How I’ve faced the challenges of moving away from my home country

Moving out of your parents’ house is tough as it is, but moving away from your home country makes things even harder. I didn’t really know what homesickness was until I moved to Canada from Prague, Czech Republic. I knew rationally what the definition meant, but never experienced it to the extent I have since moving out and away for the first time.

I decided to move to Edmonton for university and it has been tougher than anticipated. Being a Canadian, but essentially an international student, I have encountered several cultural differences, as well as a whole lot of homesickness. But in my time here I have been able to figure out, at least a little, how to cope. So here a few tips that have worked for me on dealing with the challenges of moving away from home.
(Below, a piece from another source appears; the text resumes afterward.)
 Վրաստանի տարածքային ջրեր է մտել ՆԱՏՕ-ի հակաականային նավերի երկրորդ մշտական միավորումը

1. Get involved with a community

This seems like an obvious tip, one you might see in an article about travel and studying abroad, but it’s been crucially important for me. As an international student, you will probably be meeting other international students and chances are you will make friends there. As for me, I’ve been lucky enough to live with family and family friends — the downside though was that I had to go out of my way to find people to meet. So I started swing dancing and joined a few campus clubs. Whether you’re an athlete, dancer, writer, or animal saver, find a community in the city and join it. Similar interests can lead to friendships.

2. Be prepared for questions. A lot of them.
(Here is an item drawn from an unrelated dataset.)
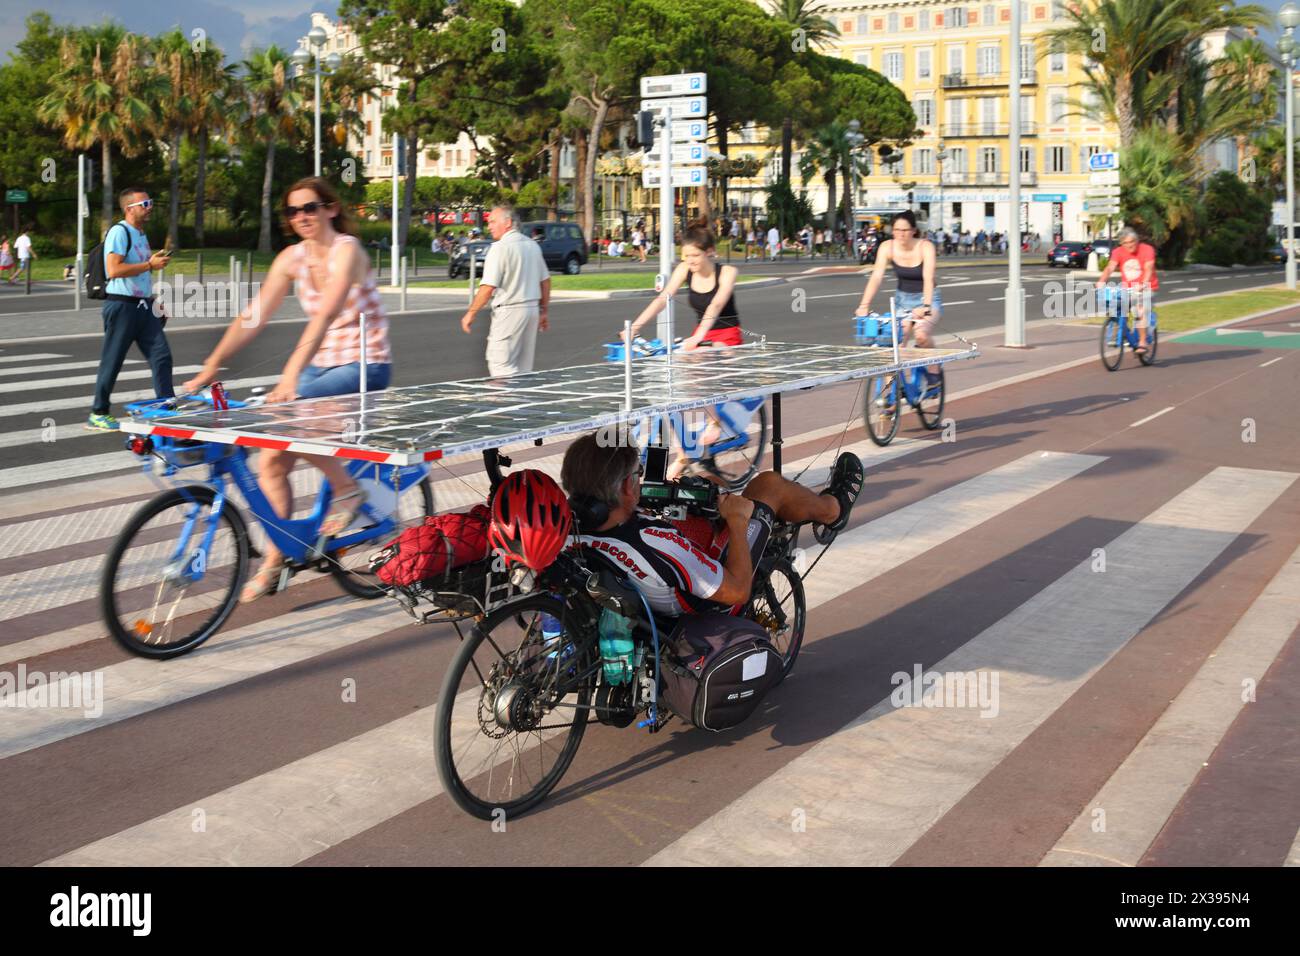 NIZZA, FRANKREICH - 24. JUL 2016: Man Radfahrer bewegt sich mit Solarbatterie, das ist eine modische umweltfreundliche Erfindung Stockfoto

“Where are you from?” “How do you like it here?” “Do you miss home?” “Is it very different?” All these are questions I have heard over and over, and it can get tiring. Being from Prague, I have encountered a lot of “OMG! I love Prague! It’s beautiful! Why did you move here?!” or “I would love to live in Europe!!! Have you been to Paris? How many languages do you speak?” First of all, I know Prague is beautiful, I grew up there. I moved here, because I wanted to. And I only speak two languages. The grass always seems to be greener on the other side; I have met people who were envious of me living in Prague, and I have friends who would love to go to Canada. It can be difficult to avoid questions about home, and if you try to avoid them, you might end up feeling more homesick and isolated. What I have found is, if you do not feel like talking about home, don’t. There’s plenty of other topics to talk about and fixating on longing for home doesn’t help.

3. Check out cultural events around town

I personally love music and art, and I still haven’t seen a lot Edmonton has to offer, so if you have any suggestions, throw them my way. Nothing makes you feel more homesick than looking at old photos from home and crying on Skype. Trust me, I’ve been there. Ask some new friends you’ve made about events happening in town, go check out a concert, a play or a festival, go see a hockey game, or eat poutine. Chances are you might like it. If you don’t, you can call your friends at home and tell them about it.
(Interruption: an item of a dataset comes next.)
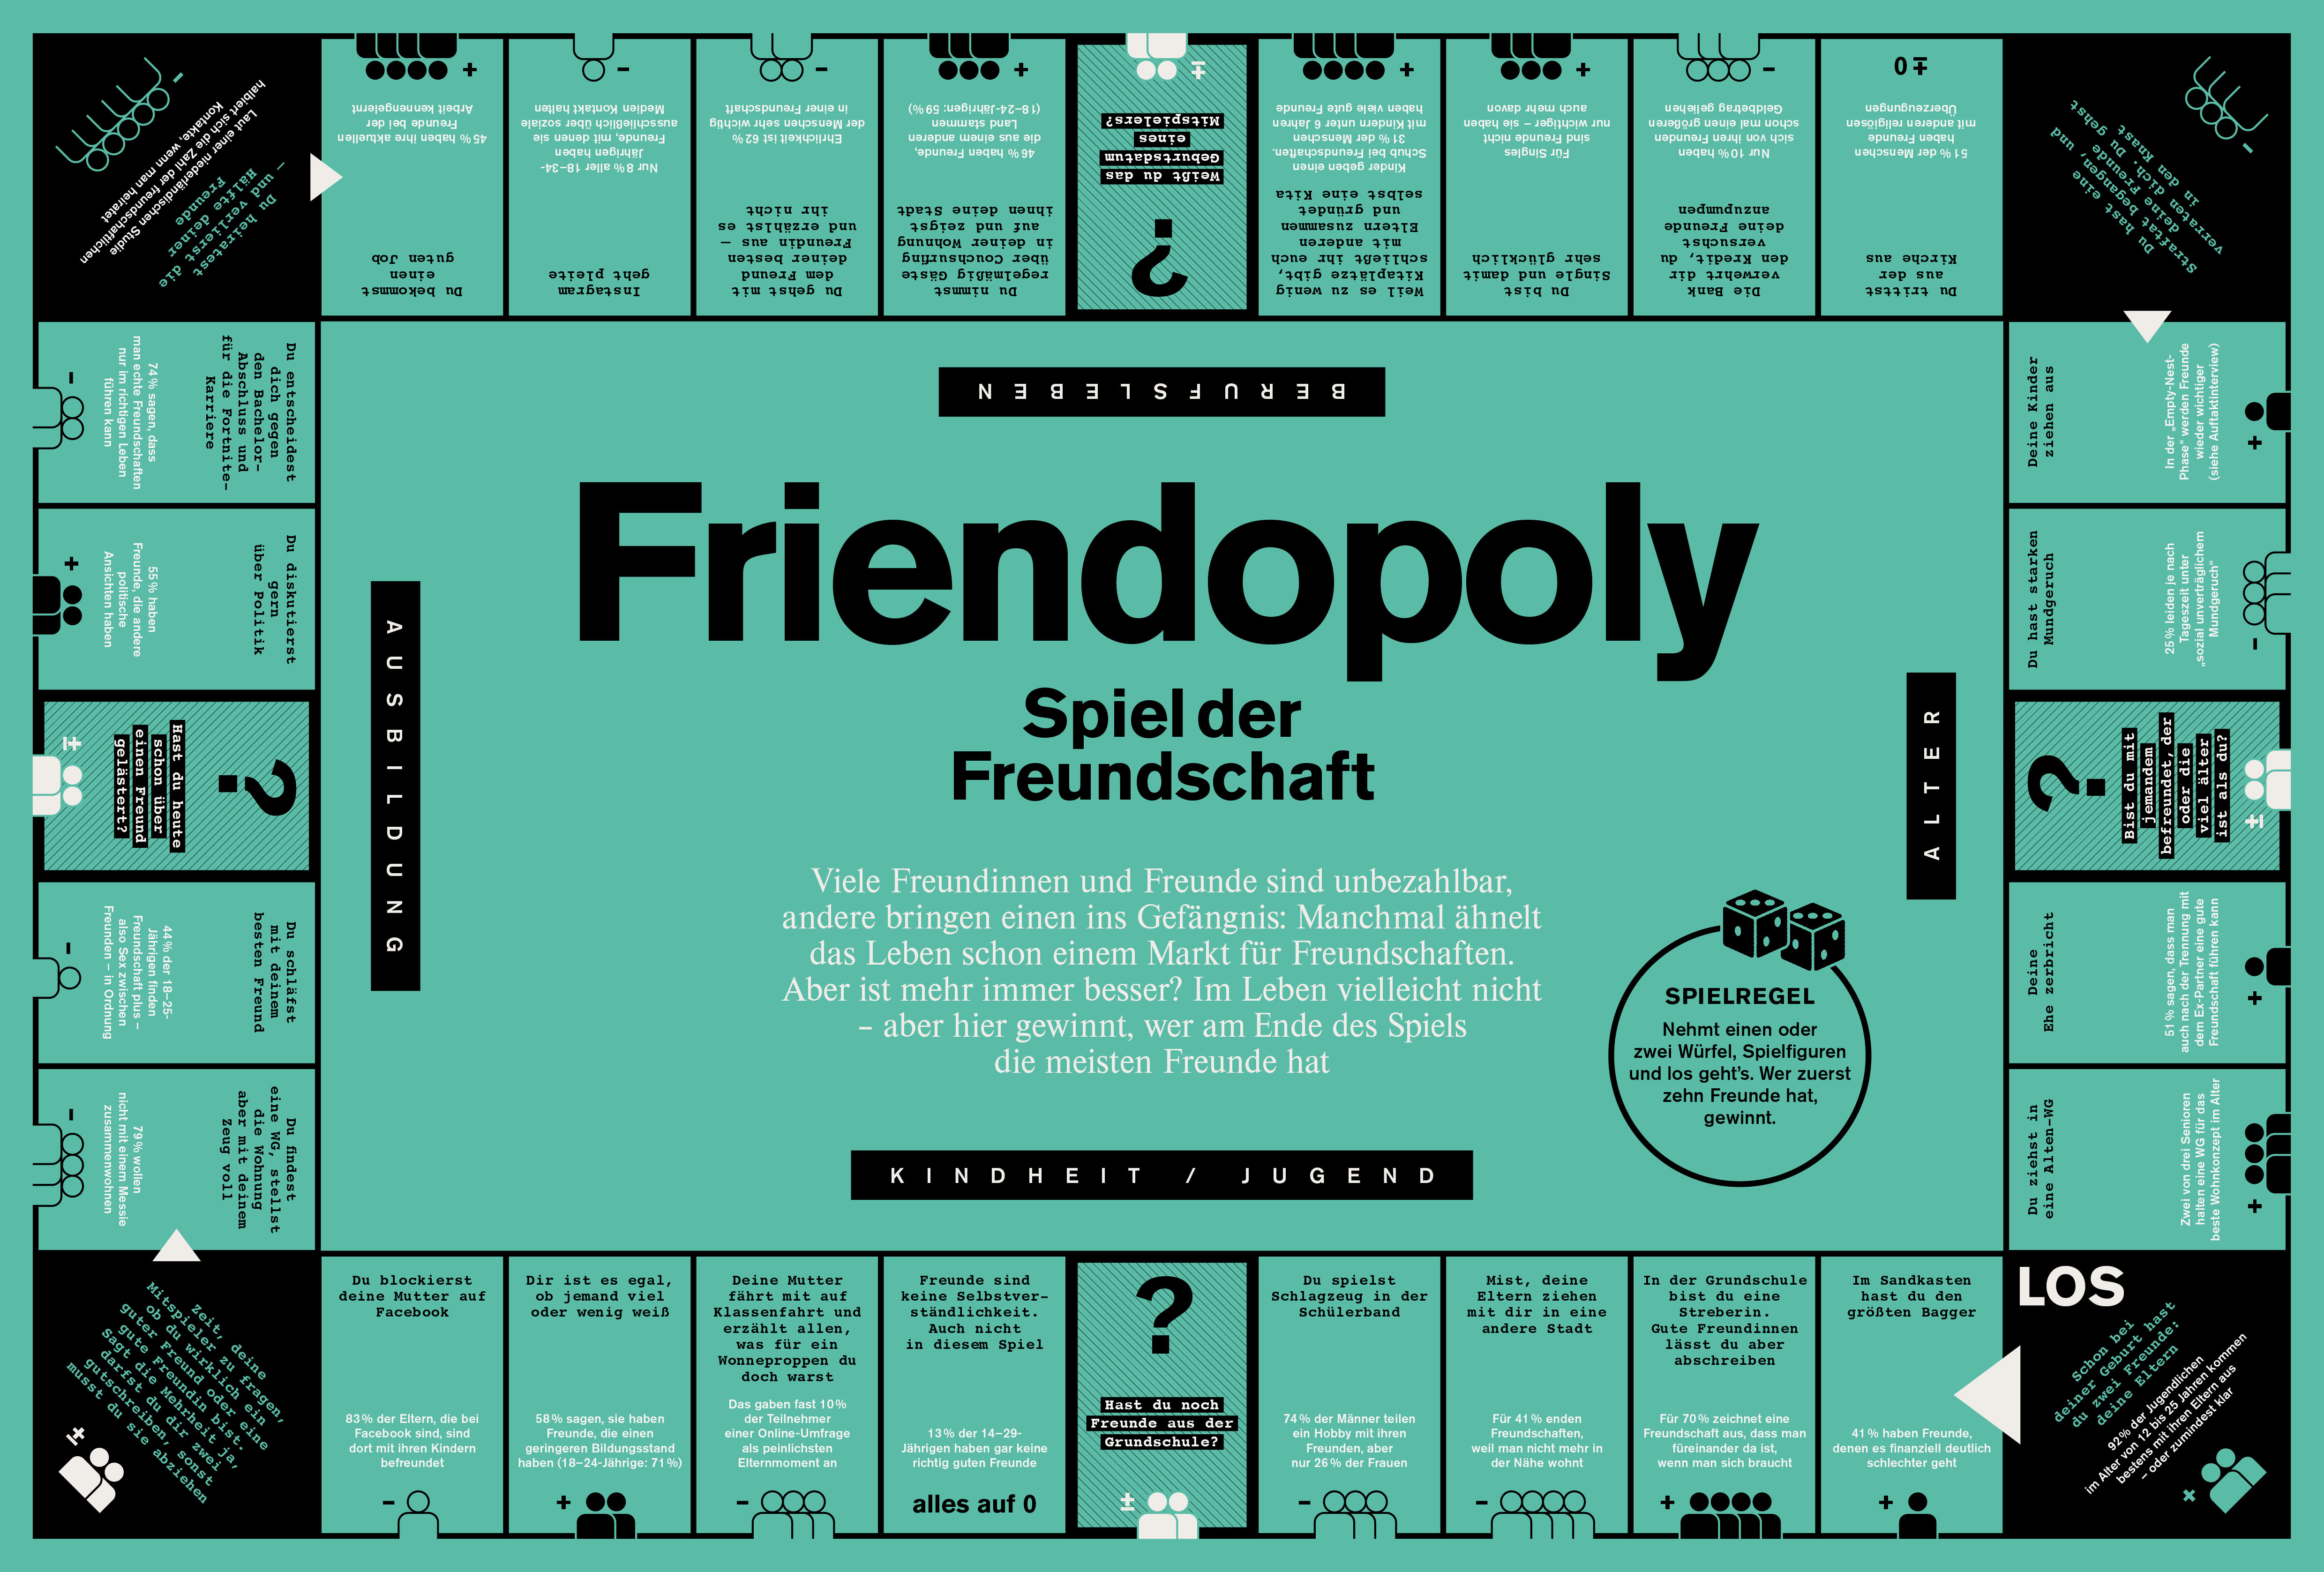 Friendopoly – Das Spiel der Freundschaft

4. Accept your feelings and acknowledge the differences

Adjusting to the environment, culture, and mindset of a new country takes time. If you are homesick, talk to your friends at home, talk to your family. It might make you miss them, but in the end, it helps. If you’re very homesick I recommend listening to Home by Michael Buble or watching the movie Brooklyn. Pro tip: buy some tissues (you will need them).

I personally grew up in a country full of — stereotypically speaking — smoking, beer drinking, cynical, and slightly pessimistic Czechs. Small talk between servers and customers in Canada is a norm, whereas in Prague people often look puzzled and possibly grumpy. Constantly hearing “Hi! How are you?!” from grocery store clerks and baristas made me feel confused for some time. I end up replying with “Good!! How are you?!” even if I feel homesick and sad to a point where I want to say “Hi, no, I am not fine. Why are you asking me? Are we friends?” It’s a cultural difference I still haven’t figured out.

Whether you are an international student at the U of A or planning to move away, be prepared for a challenge. In all honesty though, every experience abroad is different and I highly encourage everyone who has the desire to move away to do so. It has its cons, but it definitely is enriching and eye opening. The important thing is to stay open minded and don’t forget your wanderlust. Whether you decide to stay where you are, move back home, or move somewhere else, trust your instincts and be true to yourself.